5 Answer stupid people following their stupidity, otherwise they'll think they're wise.
Antwoord den zot naar zijn dwaasheid, opdat hij in zijn ogen niet wijs zij.
6 Trusting someone stupid to deliver a message is like cutting of your feet or drinking poison.
Hij snijdt zich de voeten af, en drinkt geweld, die boodschappen zendt door de hand van een zot.
7 A proverb spoken by someone stupid is as useless as a lame person's legs.
Hef de benen van den kreupele op; alzo is een spreuk in den mond der zotten.
8 Honoring someone stupid is as pointless as tying a stone into a sling.
Gelijk hij, die een edel gesteente in een slinger bindt, alzo is hij, die den zot eer geeft.
9 A proverb spoken by someone stupid is as ridiculous as a thorn bush waved around by a drunk.
Gelijk een doorn gaat in de hand eens dronkaards, alzo is een spreuk in den mond der zotten.
10 Anyone who hires someone stupid or just a passer-by is like an archer wounding people by shooting arrows at random.
De groten doen een iegelijk verdriet aan, en huren de zotten, en huren de overtreders.
11 Stupid people repeat their stupidity like a dog returning to its vomit.
Gelijk een hond tot zijn uitspuwsel wederkeert, alzo herneemt de zot zijn dwaasheid.
12 Have you seen a man who is wise in his own eyes?
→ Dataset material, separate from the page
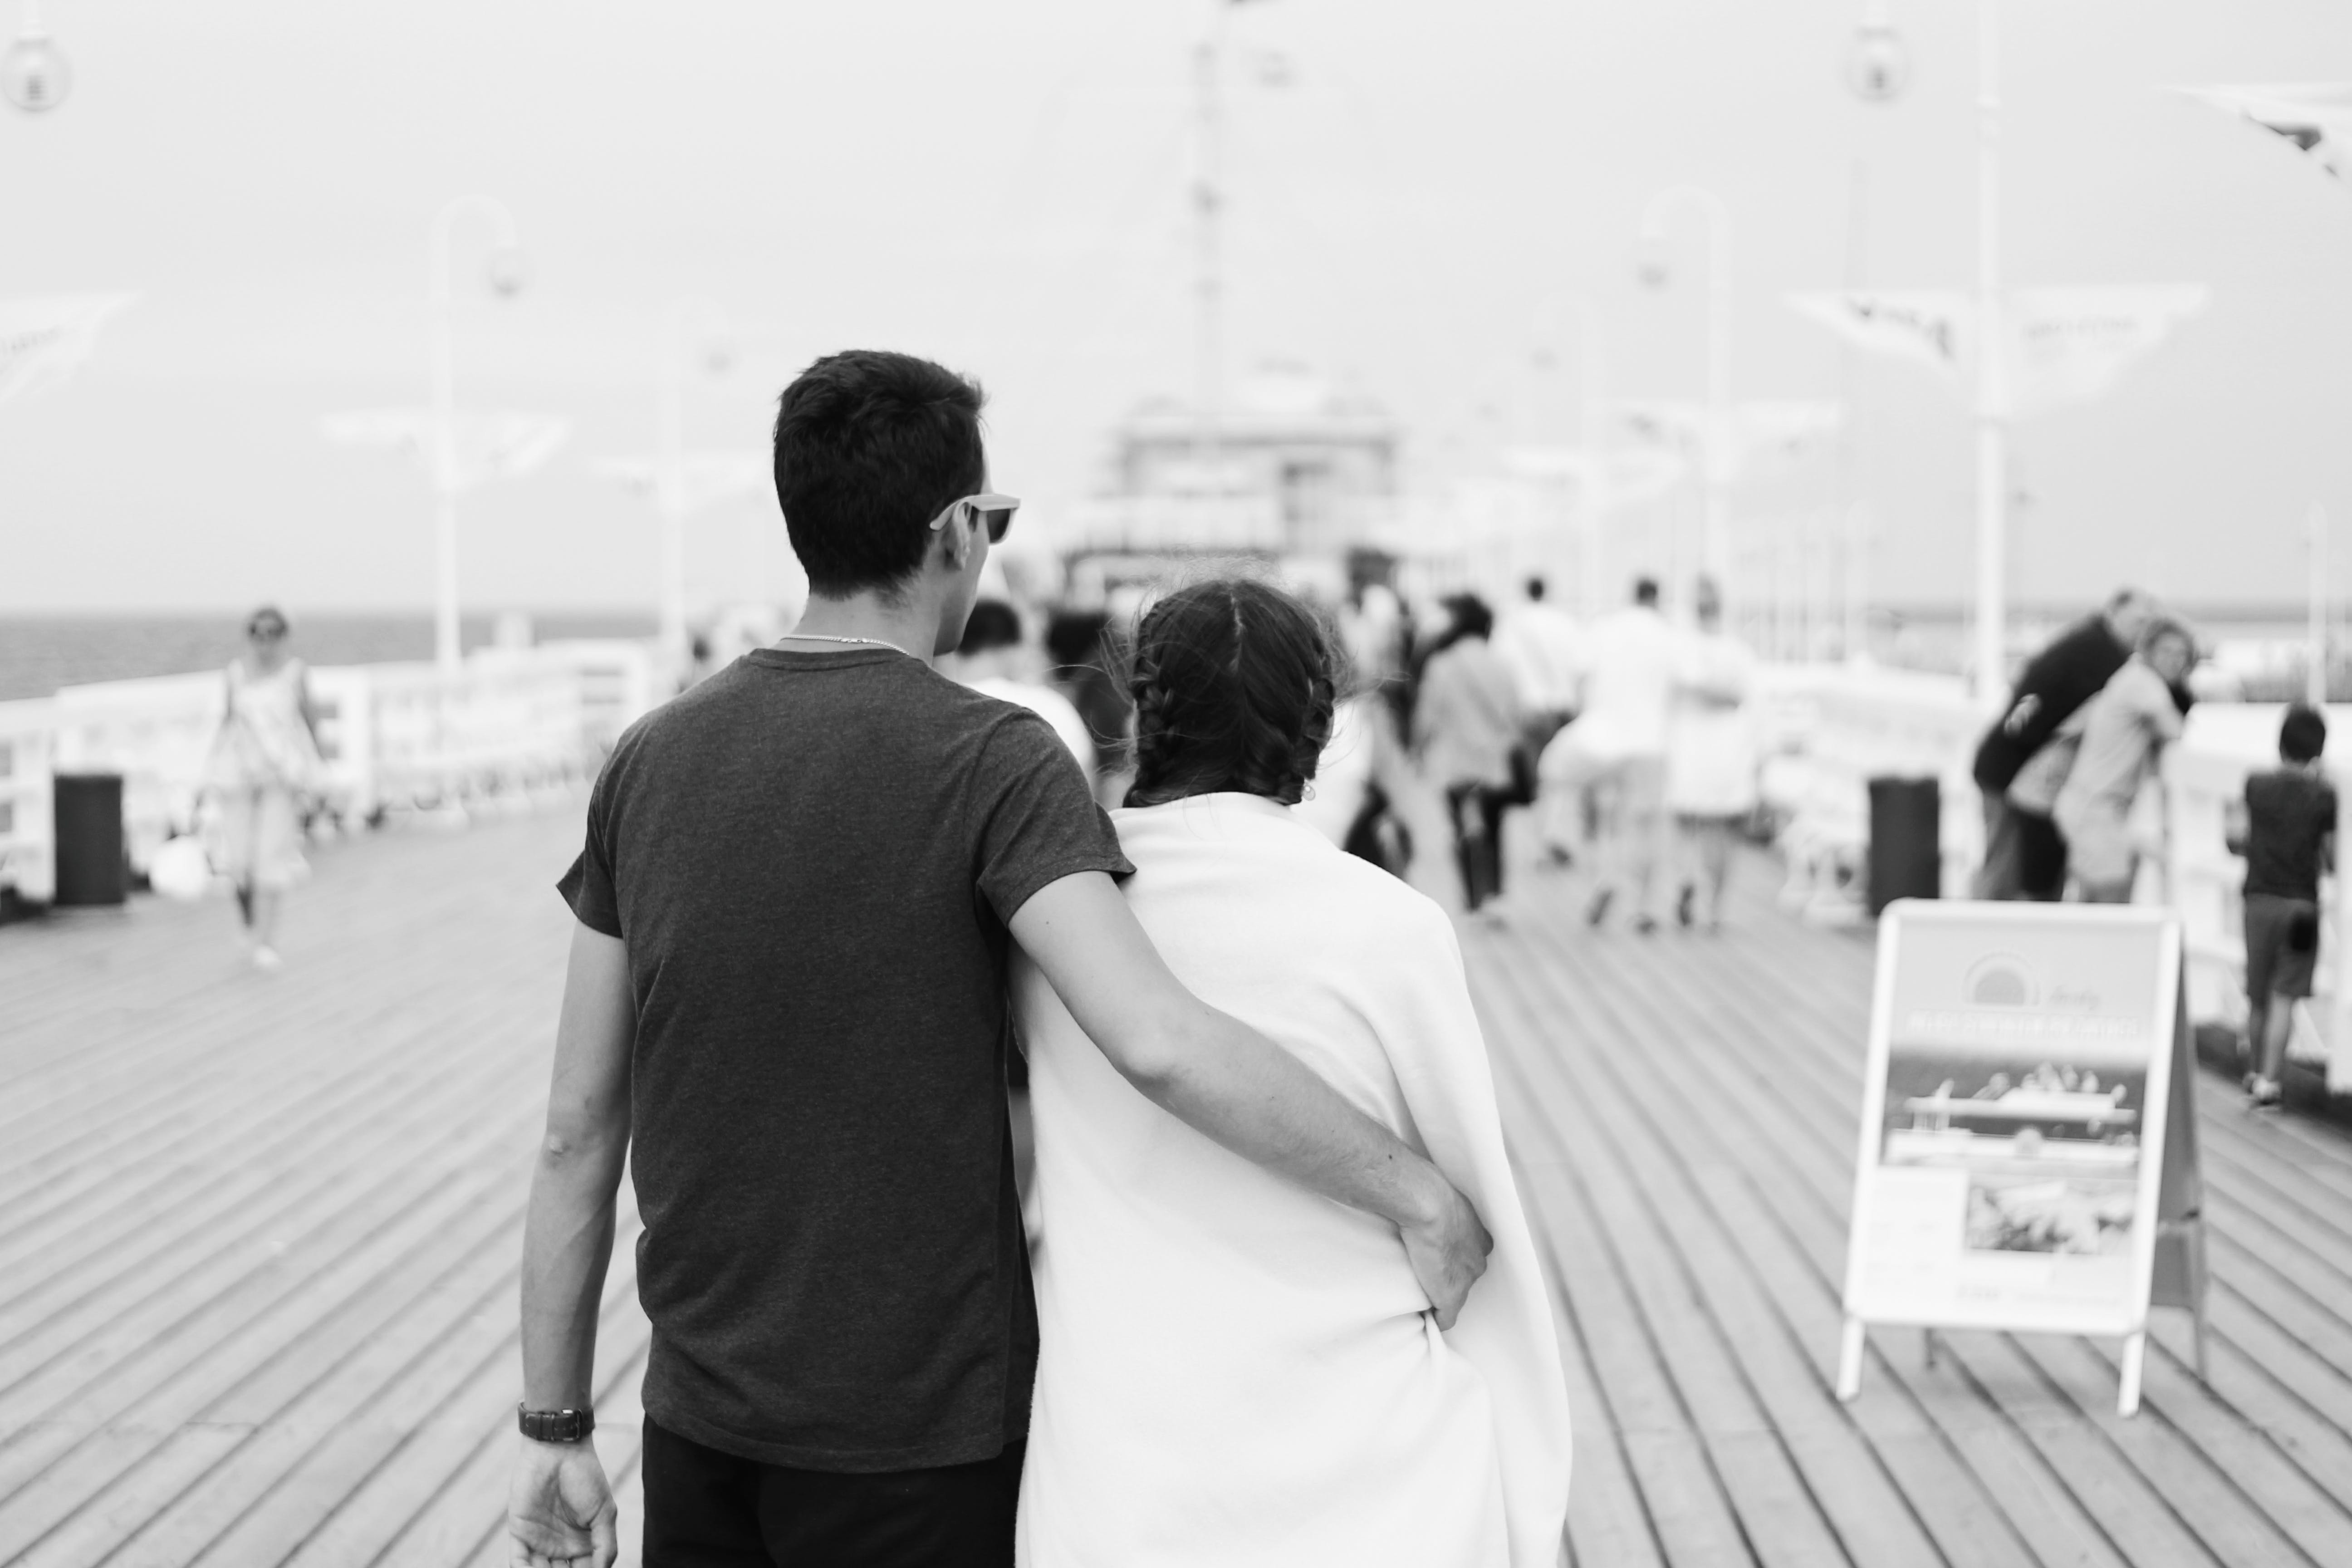 Monochrome Photography of Couple on Boardwalk

There's more hope for stupid people than for him!
Hebt gij een man gezien, die wijs in zijn ogen is! Van een zot is meer verwachting dan van hem.
13 Lazy people are the ones who say, “There's a lion on the road—a lion running around the streets!”
De luiaard zegt: Er is een felle leeuw op den weg, een leeuw is op de straten.
14 A lazy person turns in bed like a door turns on its hinge.
Een deur keert om op haar herre, alzo de luiaard op zijn bed.
15 Lazy people put their hands in a dish, but are too tired to lift the food to their mouths.
De luiaard verbergt zijn hand in den boezem, hij is te moede, om die weder tot zijn mond te brengen.
16 In their own eyes lazy people are wiser than many sensible advisors.
De luiaard is wijzer in zijn ogen, dan zeven, die met rede antwoorden.
17 Interfering in someone else's quarrel is like grabbing a stray dog by the ears.
De voorbijgaande, die zich vertoornt in een twist, die hem niet aangaat, is gelijk die een hond bij de oren grijpt.
18 You're like a crazy person firing off blazing arrows and killing people
Gelijk een, die zich veinst te razen, die vuursprankelen, pijlen en dodelijke dingen werpt;
19 if you lie to your friend and then say, “I was only joking!”
Alzo is een man, die zijn naaste bedriegt, en zegt: Jok ik er niet mede?
20 Without wood, the fire goes out; and without gossips, arguments stop.
Als er geen hout is, gaat het vuur uit; en als er geen oorblazer is, wordt het gekijf gestild.
21 An argumentative person fires up quarrels like putting charcoal on hot embers or wood on a fire.
De dove kool is om de vurige kool, en het hout om het vuur; alzo is een kijfachtig man, om twist te ontsteken.
22 Listening to gossip is like gulping down bites of your favorite food—they go deep down inside you.
De woorden des oorblazers zijn als dergenen, die geslagen zijn, en die dalen in het binnenste des buiks.
23 Smooth talking with evil intent is like a shiny lead glaze on an earthenware pot.
Brandende lippen, en een boos hart, zijn als een potscherf met schuim van zilver overtogen.
24 People say nice things to you even though they hate you; deep down they're just lying to you.
Die haat draagt, houdt zich vreemd met zijn lippen; maar in zijn binnenste stelt hij bedrog aan.
25 When people talk nicely to you, don't believe them—their minds are full of hate for you.
Als hij met zijn stem smeekt, geloof hem niet, want zeven gruwelen zijn in zijn hart.
26 Even though their hatred may be hidden by cunning tricks, their evil will be revealed to everyone.
Wiens haat door bedrog bedekt is, diens boosheid zal in de gemeente geopenbaard worden.
27 Those who dig pits to trap others will fall in themselves, and those who start boulders rolling will be crushed themselves.
Die een kuil graaft, zal er in vallen, en die een steen wentelt, op hem zal hij wederkeren.
28 If you tell lies, you show you hate your victims; if you flatter people, you cause disaster.
Een valse tong haat degenen, die zij verbrijzelt; en een gladde mond maakt omstoting.